When people choose to do business using the corporate form, the law grants them certain benefits that are unavailable to individuals. Most significantly, they are shielded from personal liability. If someone sues Hobby Lobby and wins a huge judgment, they can recover from whatever assets the corporation owns, but they cannot “pierce the corporate veil” and take the owners’ personal assets.
That protection against personal liability is the main reason for the legal fiction we call a corporation, and it is meant to encourage people to go into business. In effect, the government says to potential entrepreneurs “If you’ll engage in economic activity, we’ll protect you from a significant measure of risk. You may lose the business, but you won’t lose your house.”
In return for that protection, however–in return for limiting both your risk and the amount that someone you may harm can recover–the public has a right to expect you will follow laws passed by Congress that are applicable to corporate commercial ventures, whether you like them or not.

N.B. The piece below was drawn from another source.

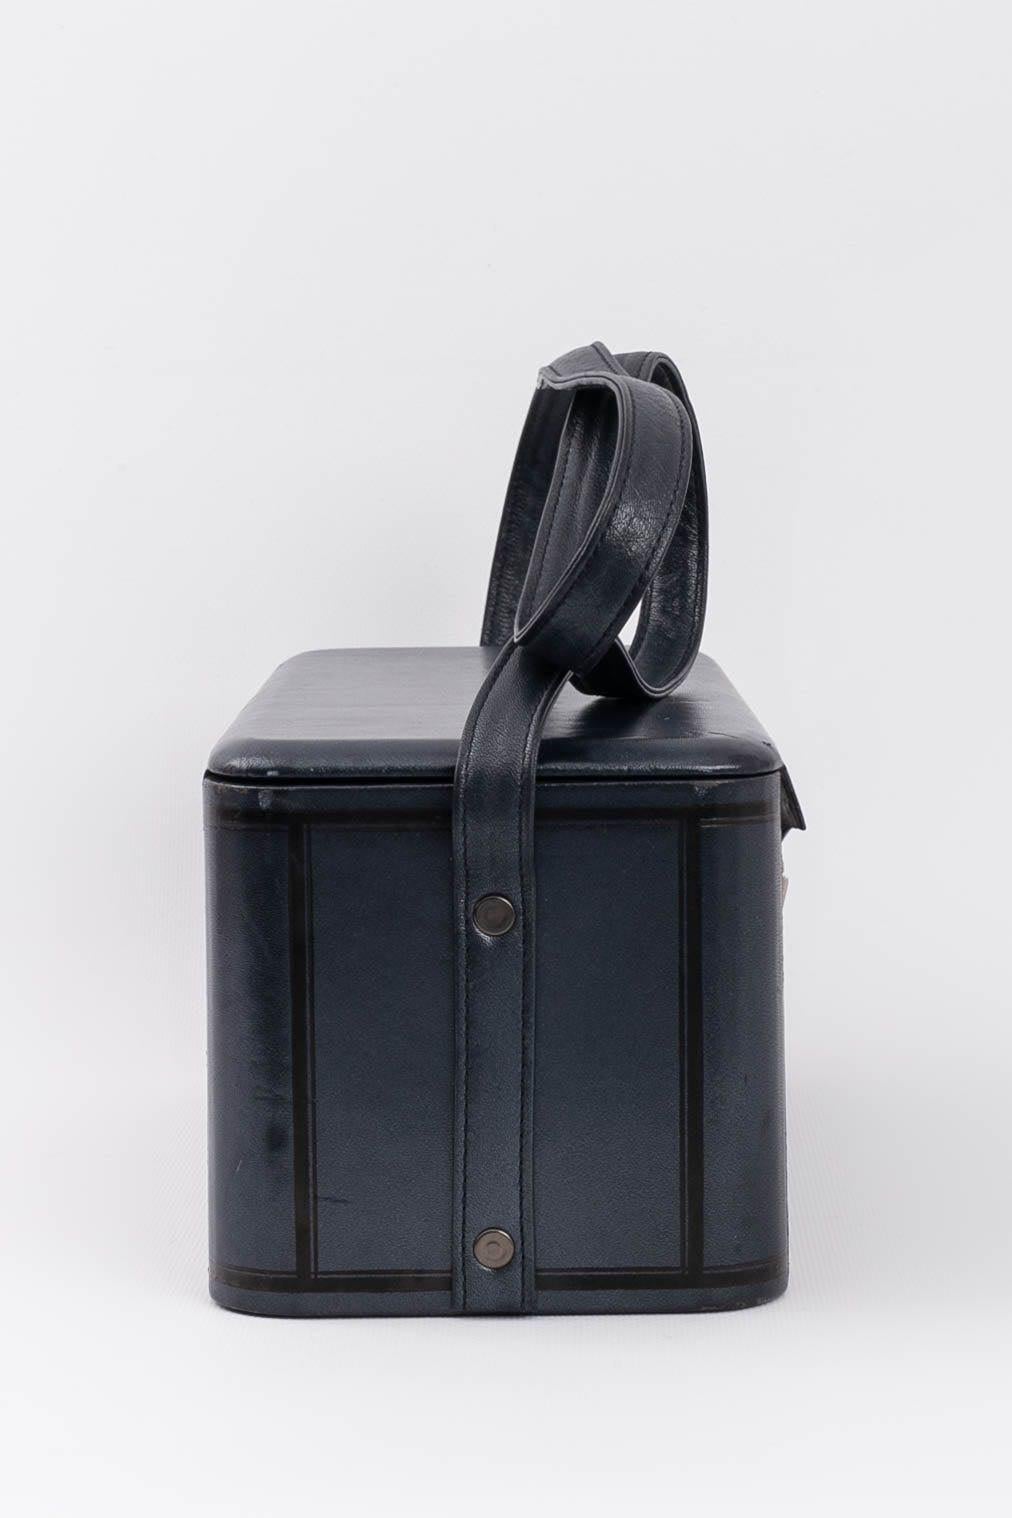 Chantal Thomass, Tasche „Box“-Tasche, 1986 Damen im Angebot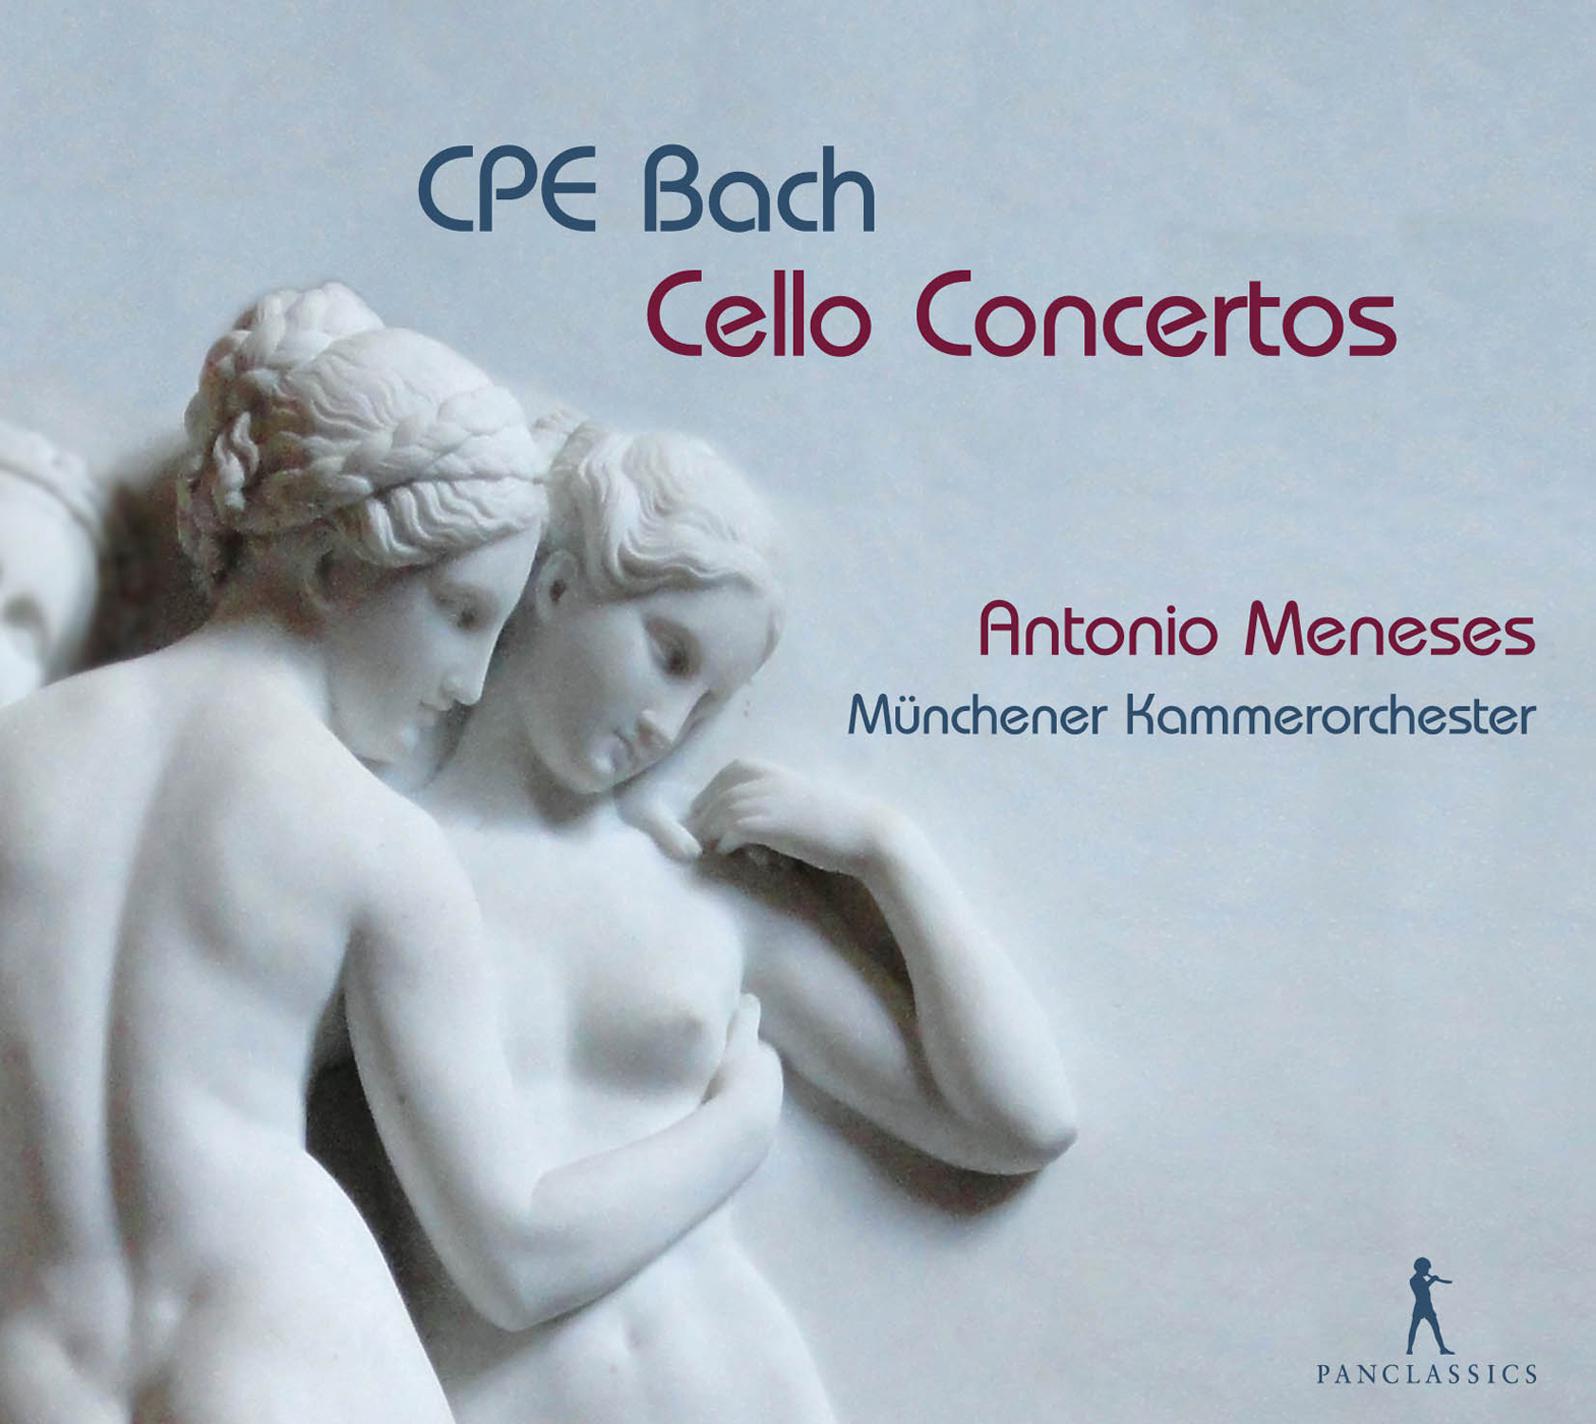 Cello Concerto in A Minor, Wq. 170, H. 432: III. Allegro assai

The owners of Hobby Lobby want the benefits of corporate form, but not the obligations. Their argument was essentially that the rule they didn’t like shouldn’t apply to a company with “sincerely” religious shareholders. They asked the Court to pierce the corporate veil and treat the company as a sole proprietorship, for this purpose only. (At one point, the majority explicitly noted that the company wanted to act in accordance with its owners’ religion without losing the benefits of the corporate form.)
The rule of law and the Equal Protection Clause both require government to treat equally-situated people (fictional or real) equally. In its ham-fisted effort to advantage certain religions (does anyone think the outcome would have been the same if a Muslim-owned corporation had wanted an exception from laws inconsistent with Sharia?), the Court’s majority has announced its willingness to apply the rules selectively and arbitrarily.
There are many things wrong with this decision, and Justice Ginsburg’s scathing dissent identifies most of them. But in my opinion, the damage done to the rule of law is the worst.